Buzz Aldrin's Moon-Saving Pen Sells for $857,600

🤯 Mind Blown

A felt-tip pen that saved the Apollo 11 mission from disaster sold for nearly $860,000 at auction. When a circuit breaker broke inside the lunar module, Buzz Aldrin used his pocket pen to flip the switch and launch them home.

A simple plastic pen just sold for $857,600 because 57 years ago, it saved two astronauts stranded on the Moon.

Buzz Aldrin noticed the problem after he and Neil Armstrong completed their historic moonwalk in 1969. The tip of a critical circuit breaker switch had snapped off inside the lunar module. Without it, they couldn't fire their ascent engine to leave the Moon's surface.

Mission Control scrambled to find a solution while the astronauts waited in their cramped spacecraft. Aldrin came up with a brilliantly simple idea.

He pulled a felt-tip marker from his spacesuit pocket and carefully pushed it into the circuit breaker opening. The switch clicked on, rearming the engine. "Now we could leave the lunar surface, rendezvous with Mike Collins in the command module, and head for home," Aldrin later wrote. "Disaster averted."

The pen wasn't the fancy Fisher Space Pen that became famous through marketing stories. It was an ordinary Duro-brand Rocket felt-tip marker. Aldrin always emphasized this detail as an engineer, pointing out he would never stick a metal-tipped pen into a live electrical socket.

Buzz Aldrin's Moon-Saving Pen Sells for $857,600

Sotheby's sold both the pen and the broken circuit breaker switch on Wednesday as part of their annual Geek Week auction.
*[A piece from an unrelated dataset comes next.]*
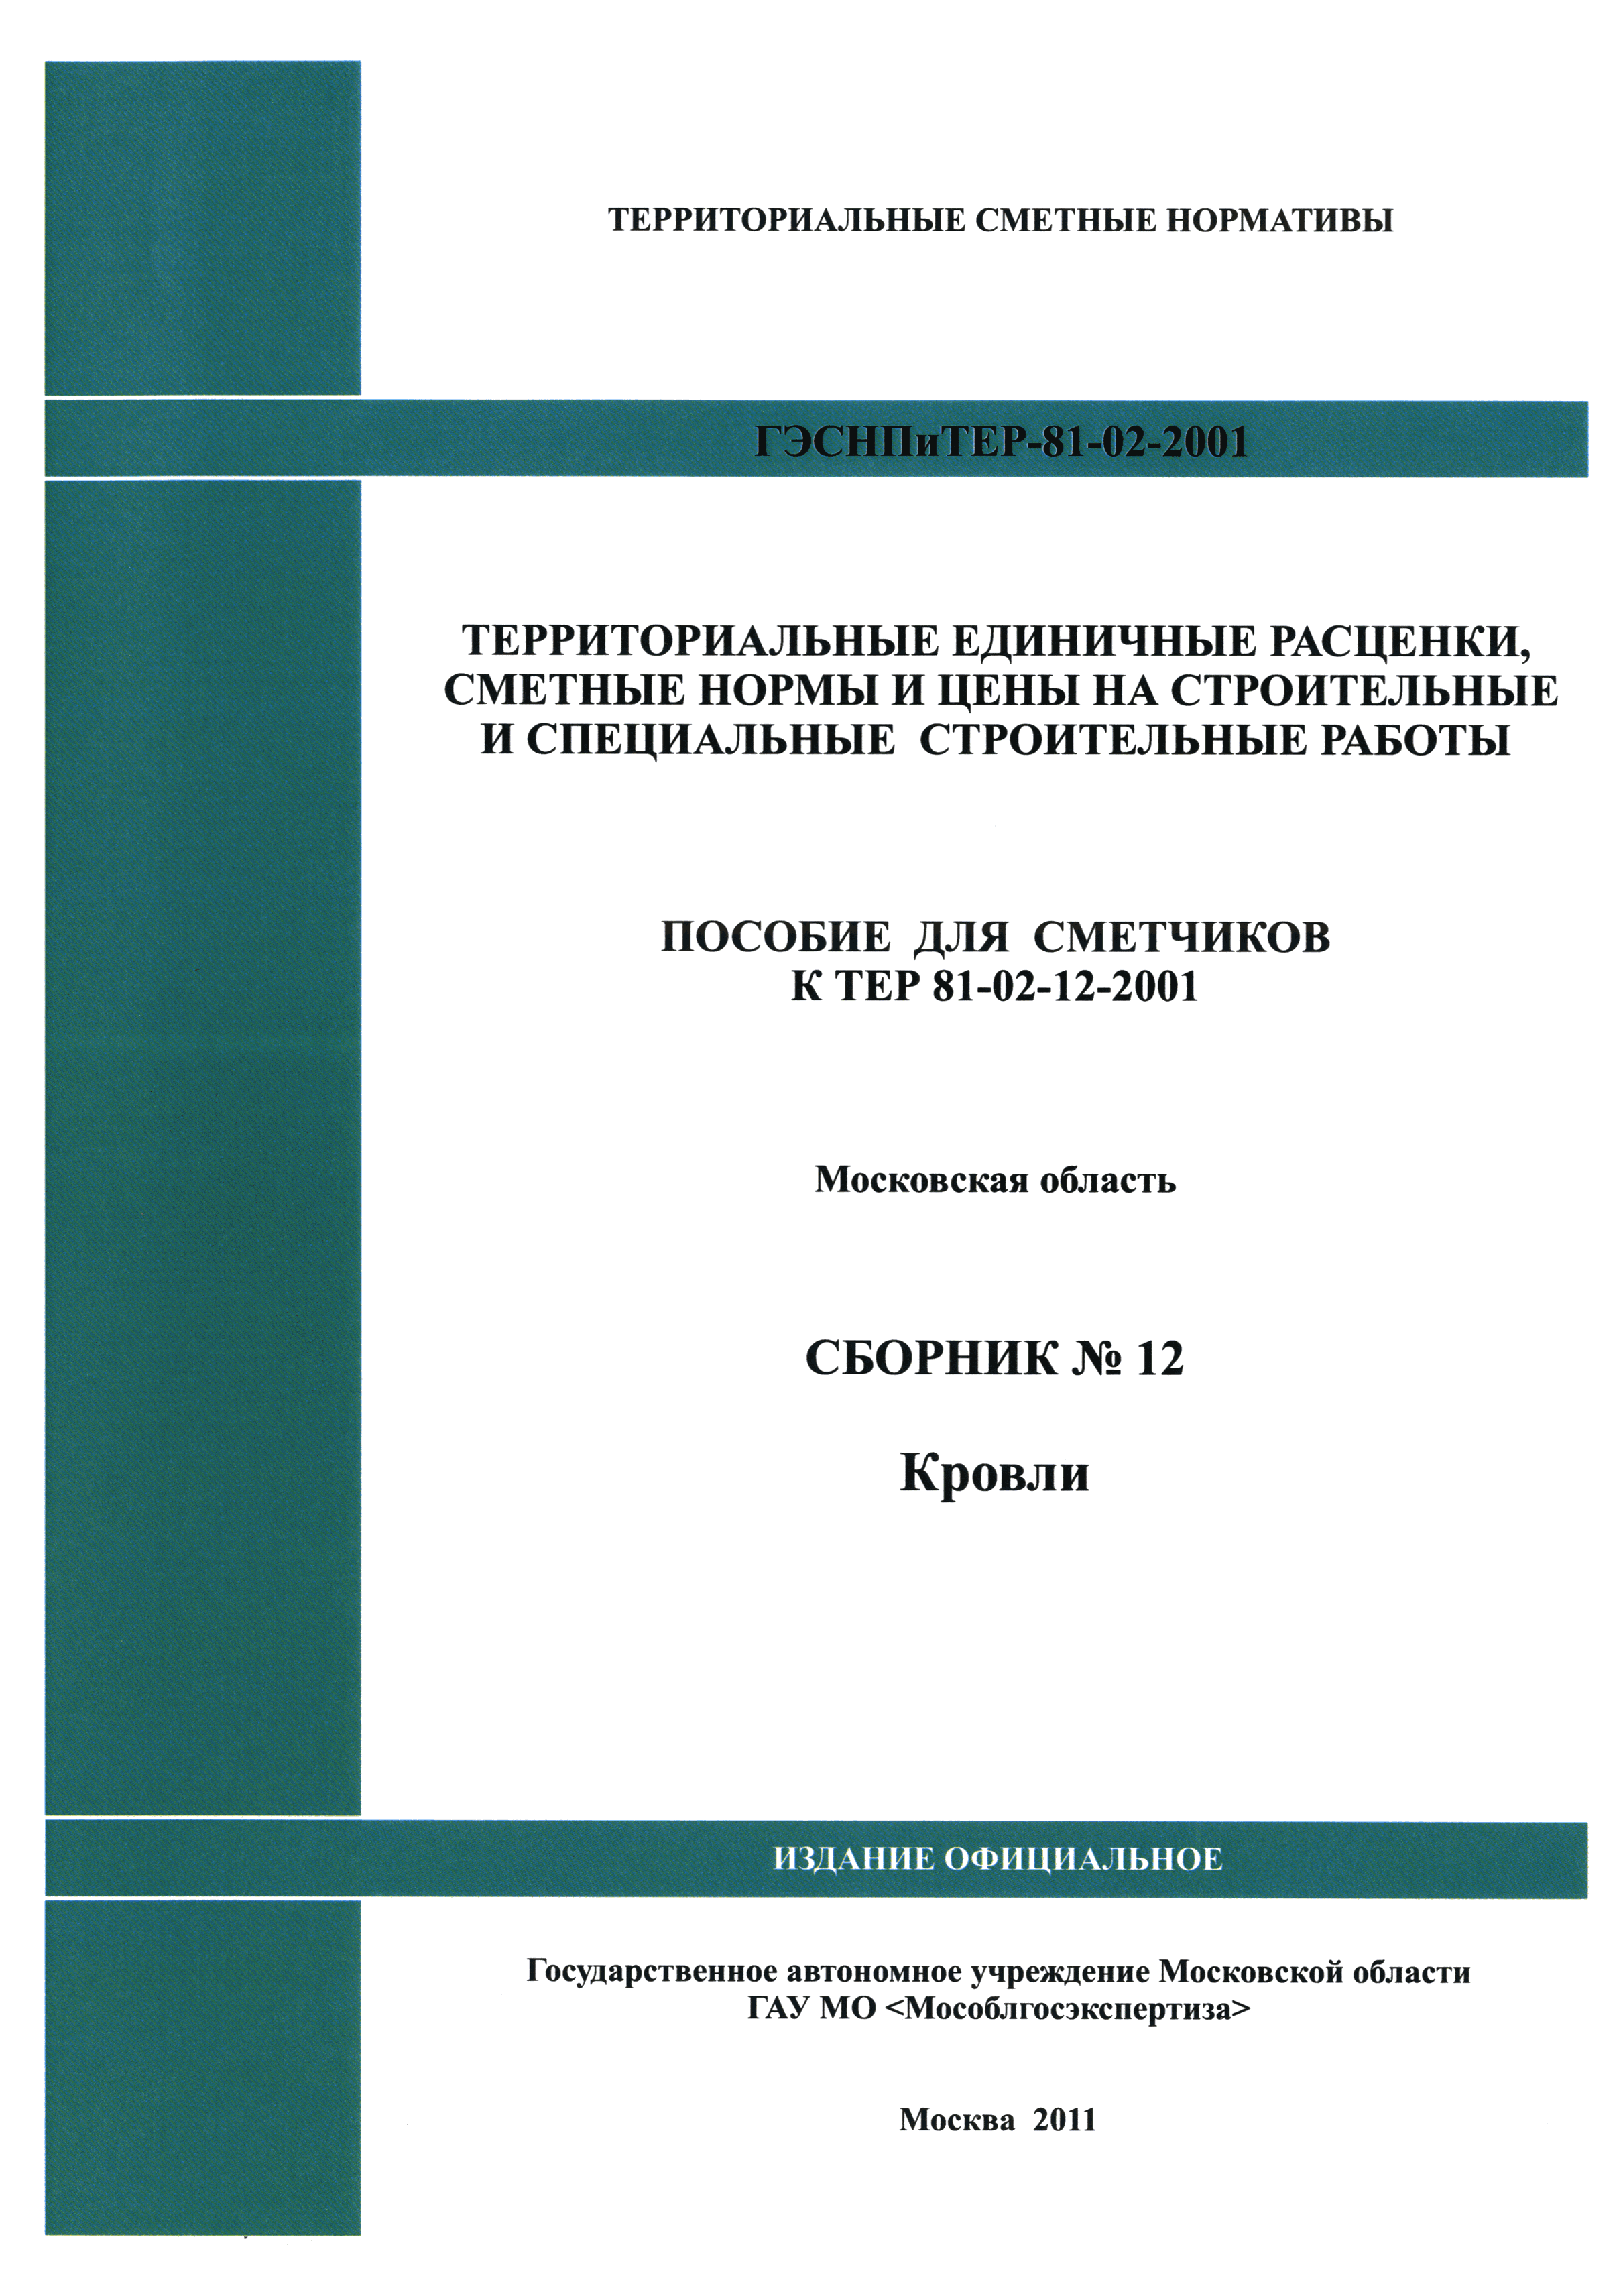 ГЭСНПиТЕР 2001-12 Московской области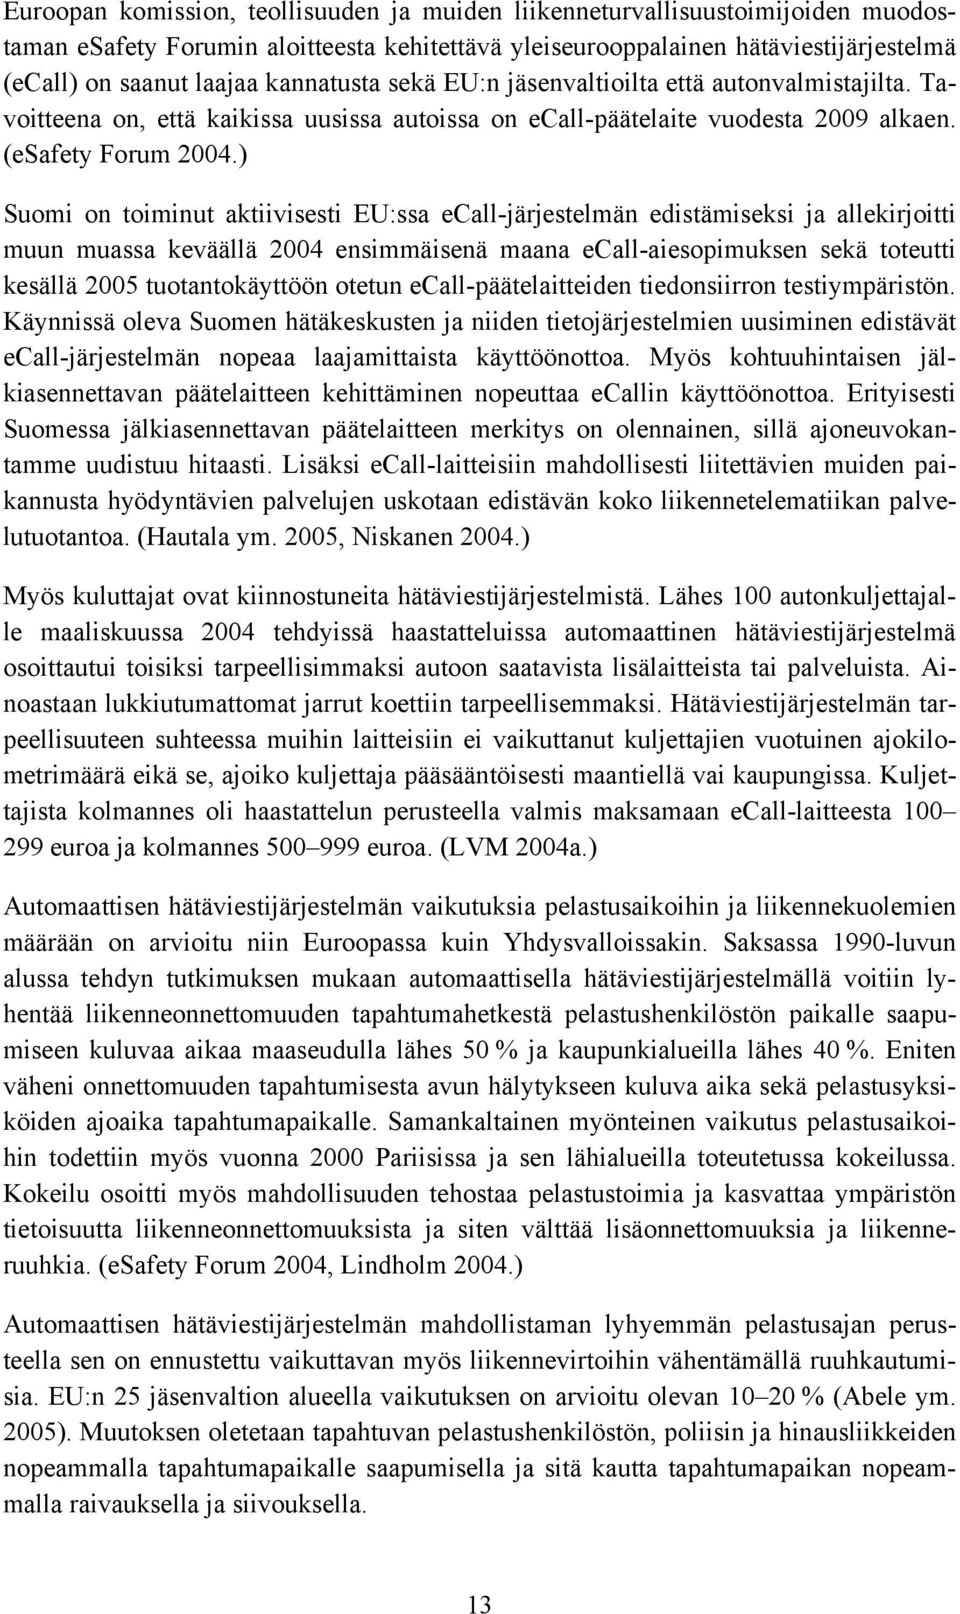 ) Suomi on toiminut aktiivisesti EU:ssa ecall-järjestelmän edistämiseksi ja allekirjoitti muun muassa keväällä 2004 ensimmäisenä maana ecall-aiesopimuksen sekä toteutti kesällä 2005 tuotantokäyttöön

The Buzz Aldrin Family Trust consigned the items along with more than 40 other pieces from his collection.

Why This Inspires

This story reminds us that world-changing solutions don't always require advanced technology or complex plans. Sometimes the most important tool is the one already in your pocket and the clear thinking to use it.

The pen and switch had previously toured America as part of the Smithsonian's "Destination Moon" exhibit, inspiring visitors in five cities. A 2012 law confirmed that Apollo astronauts legally own the equipment they kept as mementos from their missions.

While the sale price sounds astronomical, it didn't crack the top 10 for space memorabilia. A watch worn on the Moon during Apollo 15 sold for $1.625 million in 2015. Aldrin's own Apollo 11 flight jacket brought in $2.7 million in 2022.

The auction drew collectors from around the world, with the winning bidder participating by phone. Their identity remains private, but they now own a piece of pen that wrote one of history's most remarkable problem-solving stories.

Sometimes the difference between disaster and triumph is just having the right tool and the courage to try something simple.